White Balance - Taking Better Blog Photos
Posted by Jennifer on October 28
Photographed by Jennifer
- posted by Jennifer
- Yesterday we talked about color cast and I mentioned that we would be talking about white balance and color temperature. Today we'll be addressing how you can use white balance to overcome color casts.
According to Wikipedia, a white balance is the global adjustment of the intensities of the colors (typically red, green, and blue primary colors). An important goal of this adjustment is to render specific colors correctly, particularly neutral colors; hence, the general method is sometimes called gray balance, neutral balance, or white balance.
What's important to know is that the acquisition sensors (your cameras) do not match the sensors in the human eye. What this means...is that what we see as white....isn't recorded as white in your camera depending on the ambient viewing conditions and lighting. Proper camera white balance has to take into account the "color temperature" of a light source, which refers to the relative warmth or coolness of white light.
For example, in this first series, when indoors, tungsten lighting is warm in color - giving off a yellow/orange color cast when recorded in "auto" white balance mode. But when I modified my white balance setting to use the preset of Tungsten light - it takes into consideration the yellow cast and adds blue, making the whites seem white. "Tungsten" is the name of the metal out of which the bulb's filament is made.
- One thing to remember however, is that when you set your white balance for indoor settings with Tungsten lighting conditions, and then you go outside, if you forget to change your white balance to say the daylight mode, you'll have a very blue photo.
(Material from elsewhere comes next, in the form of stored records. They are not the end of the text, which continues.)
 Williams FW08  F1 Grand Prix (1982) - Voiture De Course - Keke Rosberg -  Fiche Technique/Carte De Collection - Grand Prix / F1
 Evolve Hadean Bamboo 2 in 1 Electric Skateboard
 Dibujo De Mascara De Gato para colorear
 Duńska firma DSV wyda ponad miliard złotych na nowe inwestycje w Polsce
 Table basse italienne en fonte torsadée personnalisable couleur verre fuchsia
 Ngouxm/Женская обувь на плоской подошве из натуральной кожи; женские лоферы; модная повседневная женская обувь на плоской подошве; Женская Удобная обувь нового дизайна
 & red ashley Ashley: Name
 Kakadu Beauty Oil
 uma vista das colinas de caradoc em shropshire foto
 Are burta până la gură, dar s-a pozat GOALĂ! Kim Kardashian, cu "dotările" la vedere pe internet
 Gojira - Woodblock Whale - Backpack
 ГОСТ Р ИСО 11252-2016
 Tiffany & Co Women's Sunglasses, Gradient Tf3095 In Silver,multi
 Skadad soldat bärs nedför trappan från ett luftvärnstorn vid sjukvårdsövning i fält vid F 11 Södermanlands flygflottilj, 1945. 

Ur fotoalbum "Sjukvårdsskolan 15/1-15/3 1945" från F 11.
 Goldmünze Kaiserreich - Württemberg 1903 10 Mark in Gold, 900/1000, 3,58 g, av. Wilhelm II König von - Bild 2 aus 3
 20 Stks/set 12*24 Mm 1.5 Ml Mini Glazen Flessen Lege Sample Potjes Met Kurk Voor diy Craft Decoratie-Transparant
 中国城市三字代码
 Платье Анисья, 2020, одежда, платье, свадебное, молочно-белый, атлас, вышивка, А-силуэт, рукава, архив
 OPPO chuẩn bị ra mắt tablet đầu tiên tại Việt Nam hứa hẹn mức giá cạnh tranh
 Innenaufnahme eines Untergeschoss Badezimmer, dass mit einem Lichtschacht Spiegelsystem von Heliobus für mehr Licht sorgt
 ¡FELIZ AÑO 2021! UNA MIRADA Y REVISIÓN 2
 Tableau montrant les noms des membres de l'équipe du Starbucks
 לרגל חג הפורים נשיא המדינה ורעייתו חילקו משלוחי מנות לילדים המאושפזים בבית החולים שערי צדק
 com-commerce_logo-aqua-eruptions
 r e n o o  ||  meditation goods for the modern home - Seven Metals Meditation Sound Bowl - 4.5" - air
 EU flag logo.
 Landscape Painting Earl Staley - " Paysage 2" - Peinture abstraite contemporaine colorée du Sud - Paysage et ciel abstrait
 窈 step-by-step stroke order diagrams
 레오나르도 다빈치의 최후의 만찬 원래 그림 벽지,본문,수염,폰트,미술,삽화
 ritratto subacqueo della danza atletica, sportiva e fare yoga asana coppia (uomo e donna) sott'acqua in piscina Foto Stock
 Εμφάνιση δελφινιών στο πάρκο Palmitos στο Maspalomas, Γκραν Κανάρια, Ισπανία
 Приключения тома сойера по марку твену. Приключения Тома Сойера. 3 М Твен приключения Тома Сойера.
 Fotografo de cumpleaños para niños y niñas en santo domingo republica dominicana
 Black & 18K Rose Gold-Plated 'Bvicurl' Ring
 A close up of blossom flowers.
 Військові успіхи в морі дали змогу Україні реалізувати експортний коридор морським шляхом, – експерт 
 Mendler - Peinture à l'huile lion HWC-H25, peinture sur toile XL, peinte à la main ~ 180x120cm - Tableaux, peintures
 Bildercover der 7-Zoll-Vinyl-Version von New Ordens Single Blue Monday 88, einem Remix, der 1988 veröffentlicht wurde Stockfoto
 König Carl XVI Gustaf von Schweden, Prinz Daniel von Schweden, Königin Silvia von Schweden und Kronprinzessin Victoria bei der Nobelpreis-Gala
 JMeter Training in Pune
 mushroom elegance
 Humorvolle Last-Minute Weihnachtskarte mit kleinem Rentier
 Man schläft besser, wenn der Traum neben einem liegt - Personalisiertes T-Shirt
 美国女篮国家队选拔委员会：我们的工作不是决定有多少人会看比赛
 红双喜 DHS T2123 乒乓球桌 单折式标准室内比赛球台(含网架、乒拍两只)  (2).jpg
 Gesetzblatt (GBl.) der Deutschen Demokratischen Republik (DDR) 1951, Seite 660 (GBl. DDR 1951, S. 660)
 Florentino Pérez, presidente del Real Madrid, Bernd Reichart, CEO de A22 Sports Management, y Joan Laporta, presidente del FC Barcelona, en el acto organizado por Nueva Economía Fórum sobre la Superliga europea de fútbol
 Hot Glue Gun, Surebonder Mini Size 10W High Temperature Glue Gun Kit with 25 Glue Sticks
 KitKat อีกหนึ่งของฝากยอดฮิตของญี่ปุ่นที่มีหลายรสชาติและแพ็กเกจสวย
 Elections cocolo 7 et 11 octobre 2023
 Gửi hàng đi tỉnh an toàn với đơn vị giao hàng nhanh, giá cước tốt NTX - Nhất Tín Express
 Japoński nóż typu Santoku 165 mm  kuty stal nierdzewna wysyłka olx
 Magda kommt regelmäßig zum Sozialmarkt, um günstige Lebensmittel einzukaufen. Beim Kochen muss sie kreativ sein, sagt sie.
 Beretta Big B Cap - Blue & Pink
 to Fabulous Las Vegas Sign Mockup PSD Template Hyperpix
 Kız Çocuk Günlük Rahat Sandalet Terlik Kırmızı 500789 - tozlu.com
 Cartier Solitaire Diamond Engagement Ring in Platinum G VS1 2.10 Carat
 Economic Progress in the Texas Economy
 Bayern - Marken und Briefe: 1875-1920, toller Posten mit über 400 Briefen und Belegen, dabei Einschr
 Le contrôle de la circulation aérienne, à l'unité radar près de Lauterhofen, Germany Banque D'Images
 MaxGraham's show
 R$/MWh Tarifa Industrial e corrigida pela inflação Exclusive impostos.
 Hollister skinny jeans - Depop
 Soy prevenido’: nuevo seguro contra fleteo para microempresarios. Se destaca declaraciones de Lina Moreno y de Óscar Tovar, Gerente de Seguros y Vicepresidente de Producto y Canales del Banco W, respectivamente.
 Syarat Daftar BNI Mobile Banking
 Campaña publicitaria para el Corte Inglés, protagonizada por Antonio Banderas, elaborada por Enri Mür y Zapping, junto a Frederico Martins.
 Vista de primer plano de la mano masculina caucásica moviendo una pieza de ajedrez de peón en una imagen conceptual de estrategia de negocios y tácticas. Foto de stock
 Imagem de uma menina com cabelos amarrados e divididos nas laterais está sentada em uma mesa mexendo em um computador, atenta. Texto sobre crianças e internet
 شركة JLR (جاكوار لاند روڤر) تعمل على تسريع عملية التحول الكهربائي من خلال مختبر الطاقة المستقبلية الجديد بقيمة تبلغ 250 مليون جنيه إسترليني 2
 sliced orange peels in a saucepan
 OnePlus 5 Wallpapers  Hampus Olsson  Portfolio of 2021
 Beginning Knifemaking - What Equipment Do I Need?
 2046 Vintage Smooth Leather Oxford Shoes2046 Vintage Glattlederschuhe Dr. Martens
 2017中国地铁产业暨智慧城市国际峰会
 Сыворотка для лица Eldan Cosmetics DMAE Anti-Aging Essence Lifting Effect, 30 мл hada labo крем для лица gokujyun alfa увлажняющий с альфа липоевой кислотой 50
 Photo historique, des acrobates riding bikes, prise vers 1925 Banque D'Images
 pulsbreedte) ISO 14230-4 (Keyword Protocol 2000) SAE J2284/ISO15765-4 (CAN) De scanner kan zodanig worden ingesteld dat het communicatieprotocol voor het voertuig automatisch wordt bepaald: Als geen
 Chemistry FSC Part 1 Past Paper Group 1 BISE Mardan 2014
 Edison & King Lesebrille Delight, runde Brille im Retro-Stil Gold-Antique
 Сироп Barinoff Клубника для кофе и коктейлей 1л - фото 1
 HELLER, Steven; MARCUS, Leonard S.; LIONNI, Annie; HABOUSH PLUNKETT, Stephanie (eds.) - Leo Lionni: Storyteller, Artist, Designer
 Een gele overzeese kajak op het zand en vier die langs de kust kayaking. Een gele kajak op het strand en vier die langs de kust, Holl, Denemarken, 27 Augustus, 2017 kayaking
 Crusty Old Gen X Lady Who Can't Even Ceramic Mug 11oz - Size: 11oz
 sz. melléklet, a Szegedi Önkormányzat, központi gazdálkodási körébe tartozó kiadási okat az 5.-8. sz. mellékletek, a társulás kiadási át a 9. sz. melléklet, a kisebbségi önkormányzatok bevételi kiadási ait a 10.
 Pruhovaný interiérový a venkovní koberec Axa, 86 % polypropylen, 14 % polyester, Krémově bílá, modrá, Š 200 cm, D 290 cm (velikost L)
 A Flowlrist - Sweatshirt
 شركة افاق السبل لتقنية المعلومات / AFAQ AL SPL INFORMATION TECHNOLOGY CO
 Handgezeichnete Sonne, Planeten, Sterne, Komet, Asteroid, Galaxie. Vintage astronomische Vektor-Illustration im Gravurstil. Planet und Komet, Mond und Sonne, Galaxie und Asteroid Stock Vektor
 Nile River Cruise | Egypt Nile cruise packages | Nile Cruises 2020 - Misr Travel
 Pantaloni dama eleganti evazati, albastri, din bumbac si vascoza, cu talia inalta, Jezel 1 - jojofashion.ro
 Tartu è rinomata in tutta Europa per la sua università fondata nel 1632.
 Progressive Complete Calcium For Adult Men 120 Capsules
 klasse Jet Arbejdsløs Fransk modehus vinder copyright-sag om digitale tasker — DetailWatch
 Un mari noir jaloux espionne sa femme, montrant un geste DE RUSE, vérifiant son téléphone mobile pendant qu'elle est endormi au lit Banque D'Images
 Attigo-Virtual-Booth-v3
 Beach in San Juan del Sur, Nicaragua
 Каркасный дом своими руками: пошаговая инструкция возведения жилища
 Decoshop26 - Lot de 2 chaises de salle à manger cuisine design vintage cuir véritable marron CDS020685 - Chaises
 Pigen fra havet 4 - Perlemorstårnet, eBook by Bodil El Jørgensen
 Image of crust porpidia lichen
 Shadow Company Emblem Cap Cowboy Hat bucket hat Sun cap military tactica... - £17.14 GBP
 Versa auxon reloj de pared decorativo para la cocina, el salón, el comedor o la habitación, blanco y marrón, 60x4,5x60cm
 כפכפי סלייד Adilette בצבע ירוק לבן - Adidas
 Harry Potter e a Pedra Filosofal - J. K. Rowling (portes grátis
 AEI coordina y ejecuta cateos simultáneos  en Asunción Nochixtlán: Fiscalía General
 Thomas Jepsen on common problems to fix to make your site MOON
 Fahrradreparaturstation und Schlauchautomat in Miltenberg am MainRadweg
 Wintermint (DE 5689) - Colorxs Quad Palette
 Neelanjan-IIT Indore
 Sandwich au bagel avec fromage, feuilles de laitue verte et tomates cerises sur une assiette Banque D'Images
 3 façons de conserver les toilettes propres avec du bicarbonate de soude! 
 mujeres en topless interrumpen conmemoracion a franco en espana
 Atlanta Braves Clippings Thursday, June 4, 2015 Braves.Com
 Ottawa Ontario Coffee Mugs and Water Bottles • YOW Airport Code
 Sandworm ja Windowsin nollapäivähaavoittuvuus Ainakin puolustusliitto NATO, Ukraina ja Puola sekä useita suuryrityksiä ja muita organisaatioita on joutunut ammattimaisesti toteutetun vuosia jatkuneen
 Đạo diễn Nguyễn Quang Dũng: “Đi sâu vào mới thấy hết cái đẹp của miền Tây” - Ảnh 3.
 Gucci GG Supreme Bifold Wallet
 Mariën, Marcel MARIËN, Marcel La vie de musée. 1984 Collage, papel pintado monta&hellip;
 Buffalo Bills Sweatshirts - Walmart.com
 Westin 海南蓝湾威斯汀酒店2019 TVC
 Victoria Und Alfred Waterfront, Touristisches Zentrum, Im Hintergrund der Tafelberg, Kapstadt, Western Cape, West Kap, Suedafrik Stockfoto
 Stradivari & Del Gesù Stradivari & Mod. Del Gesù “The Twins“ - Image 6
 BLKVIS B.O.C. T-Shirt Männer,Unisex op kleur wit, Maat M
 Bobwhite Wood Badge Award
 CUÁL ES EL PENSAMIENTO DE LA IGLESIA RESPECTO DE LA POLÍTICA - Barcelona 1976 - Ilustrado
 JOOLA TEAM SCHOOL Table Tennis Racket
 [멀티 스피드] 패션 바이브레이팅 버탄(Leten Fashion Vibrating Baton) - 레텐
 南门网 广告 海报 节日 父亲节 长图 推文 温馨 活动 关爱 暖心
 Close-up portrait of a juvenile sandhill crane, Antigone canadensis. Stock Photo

Remember the camera is adding blue when you are using the Tungsten setting. I did just this on Sunday while at the Dream Wedding Show, but luckily I knew exactly what I did and fixed it immediately. It's so easy to forget until you get used to setting your white balance with each photo you take.
- It's important to note that when shooting in a condition that has more than 1 type of light source, it's best to use a white balance setting based on the main light source.
Here are some of the basic White Balance settings you'll find on cameras:
* Auto - this is where the camera makes a best guess on a shot by shot basis. You'll find it works in many situations but it's worth venturing out of it for trickier lighting.
* Tungsten - this mode is usually symbolized with a little bulb and is for shooting indoors, especially under tungsten (incandescent) lighting (such as bulb lighting). It generally cools down the colors in photos.
* Fluorescent - this compensates for the 'cool' light of fluorescent light and will warm up your shots.
* Daylight/Sunny - not all cameras have this setting because it sets things as fairly 'normal' white balance settings.
* Cloudy - this setting generally warms things up a touch more than 'daylight' mode.
* Flash - the flash of a camera can be quite a cool light so in Flash WB mode you'll find it warms up your shots a touch.
* Shade - the light in shade is generally cooler (bluer) than shooting in direct sunlight so this mode will warm things up a little.
(this list was borrowed from www.digital-photography-school.com)
Try using your white balance presets on your camera. We'll be talking about Degree Kelvin and manual white balance in future posts.